Buzzkill...

The eighth integer, denoted by $x$ , satisfies that $|x|^x$ is undefined. The exponentiation to any nonzero integer is defined, so $x = 0$ (otherwise the exponentiation is defined, contradicting the eighth integer condition). Hence the product of all integers should be $0$ . It just remains to check that none of the other integers produce a contradiction. (If there's a contradiction, the product is thus undefined.)

We interpret " $a$ is five times larger than $b$ " as $a = 5b$ , since otherwise the second integer is undefined (it is five times larger than $0$ , which should be $0$ again, but if we take "larger" to be strictly larger, then $0 > 0$ , contradiction). Similar interpretation applies to the third integer.

The fourth integer is ambiguous ( $0$ or $1$ ), but the product remains the same, so this is of no concern. We're looking for contradictions, not ambiguity.

The tenth integer is safe: it's defined as the number of positive integers less than the argument, so whenever $k \le 0$ , we have $\varphi(k) = 0$ . The problem is only when the argument is not an integer; in this case, "divisors of that number" is undefined. Luckily as $\varphi$ counts the number of something, its value has to be a positive integer, and also $12^{12}$ is an integer, so $\varphi(\varphi(12^{12}))$ is defined.

The eleventh integer might pose a problem if the sum is $0$ (it has infinitely many divisors). So we check the second, fourth, and fifth integer. The second integer is $0$ if we take that the answer to this problem is not undefined. The fourth integer can be either $0$ or $1$ . The fifth integer is $-20$ . The sum is thus $-20$ or $-19$ , both safe (only finitely many divisors, so the number of divisors can be determined, although it's unclear whether to take the number of positive divisors or all divisors).

The twelfth integer's description is quite unnatural: product of (number of prime numbers less than the product of the seventh integer and Ramanujan's number) is simply the parenthesized value (because the product of a single integer is itself). But this number is still defined.
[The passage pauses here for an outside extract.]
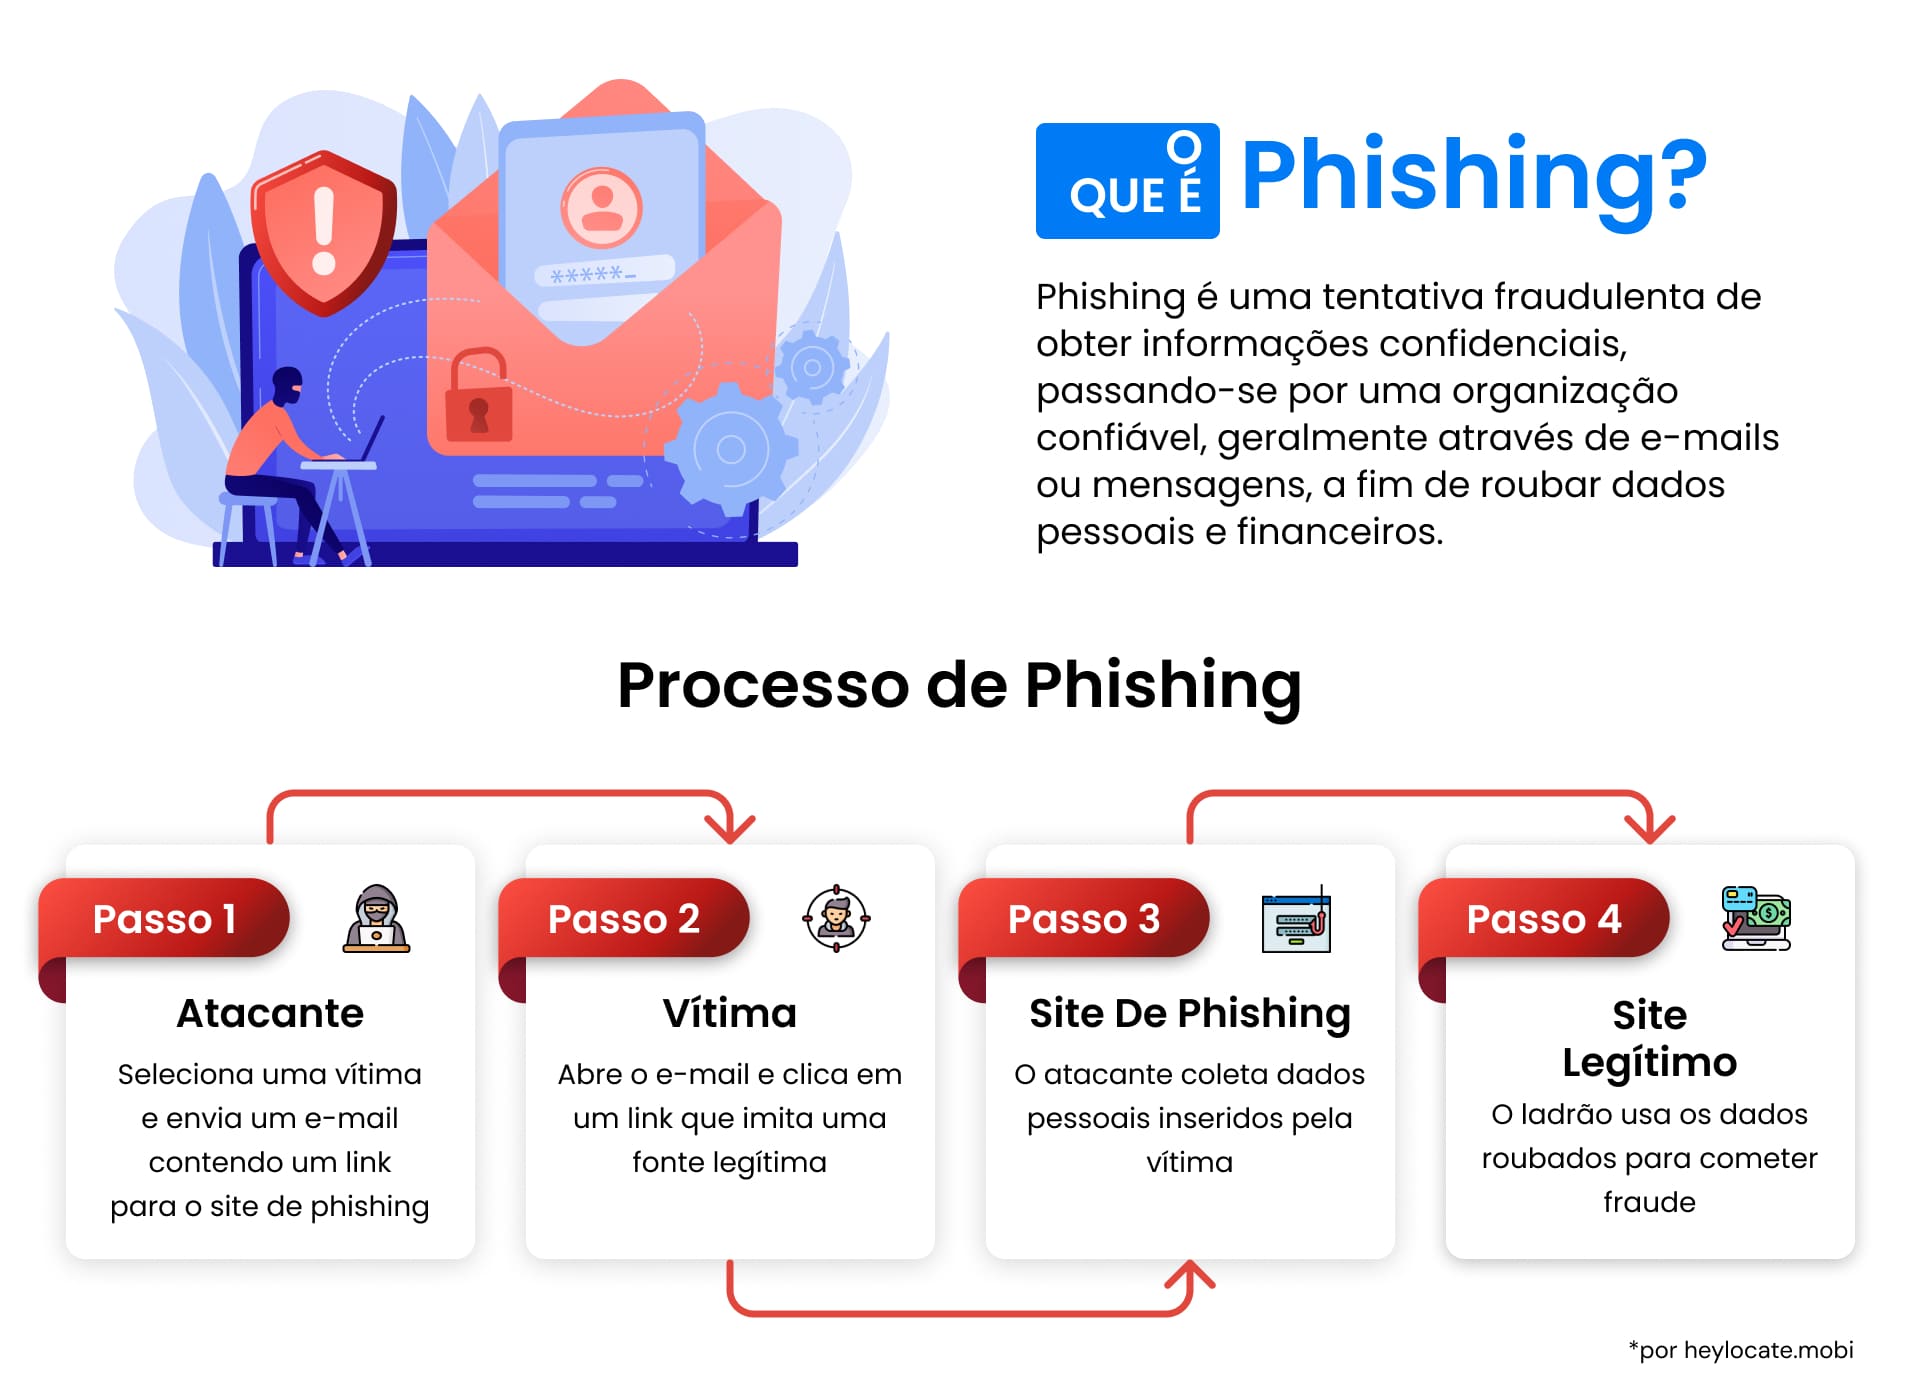 Um infográfico que descreve o que é phishing e um detalhamento passo a passo de como um ataque de phishing se desenvolve, desde a perspectiva do invasor até as ações da vítima.
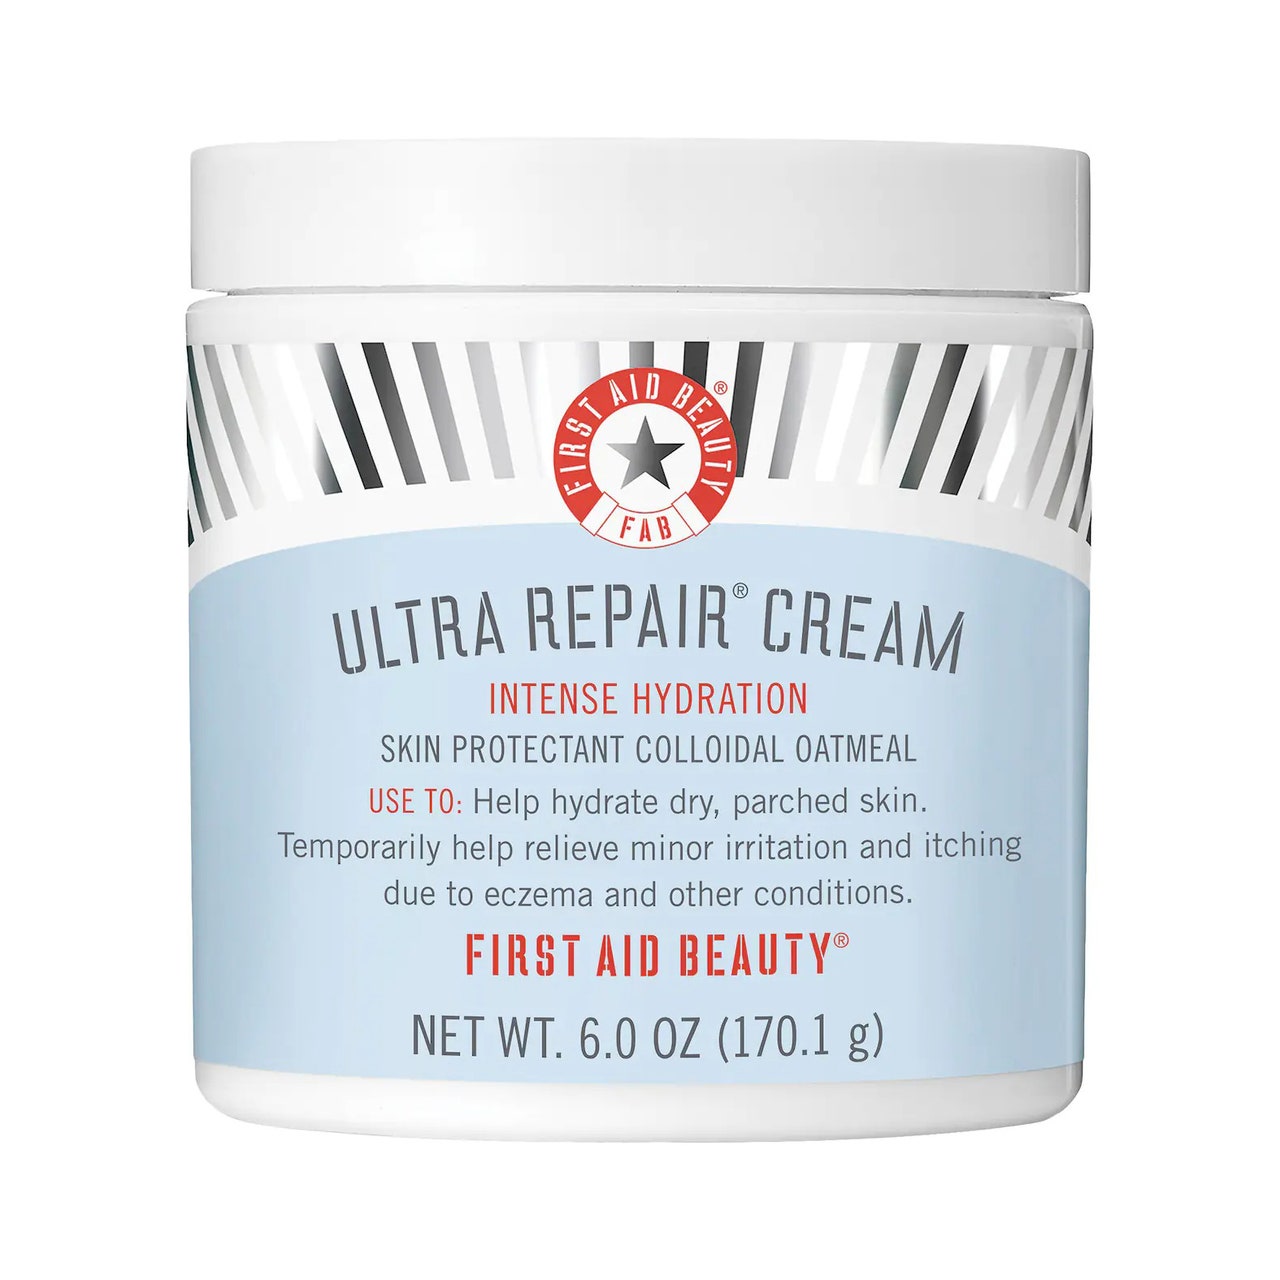 Erste Hilfe Beauty Ultra Repair Cream hellblau-weißes Glas mit silbernen Streifen auf weißem Hintergrund

The sixteenth integer might pose a problem if there are less than $16$ palindromes that are less than $9 \cdot 10^{12}$ . Luckily, there are more than $16$ : we simply observe that $1,2,3,\ldots,9,11,22,33,\ldots,99$ are palindromes, and there are $18$ of them, so the 16th smallest palindrome will be defined.

All the remaining integers are trivially defined, although perhaps not uniquely. So the integers are defined, and hence the product, and also the last three digits of the product, is $\boxed{0}$ .

(Observe that "undefined" is also a valid answer to the problem, since the second integer will hence also be undefined, and the product of somethings with undefined is also undefined.)

When I saw that this problem had this huge paragraph, I looked down at the bottom sentence and saw that it was looking for the product of the sixteen integers, so I (mentally) exclaimed "This ... better be $0$ or it's the most trollish question I've ever seen!" So I put $0.$

The $0$ comes from the $8\text{th}$ integer. $\left|0\right|^0$ is undefined because $0^0$ is undefined.

The only important information here is the eighth integer, we need an integer $x$ such that $| x | ^x$ is impossible to compute, so $x = 0$ only. Thus the eighth integer must be $0$ and hence the answer is $\boxed{0}$

This is probably the best question ever. The fifth integer is 0 as there are no known perfect numbers at the moment. Therefore the product of all the integers is 0.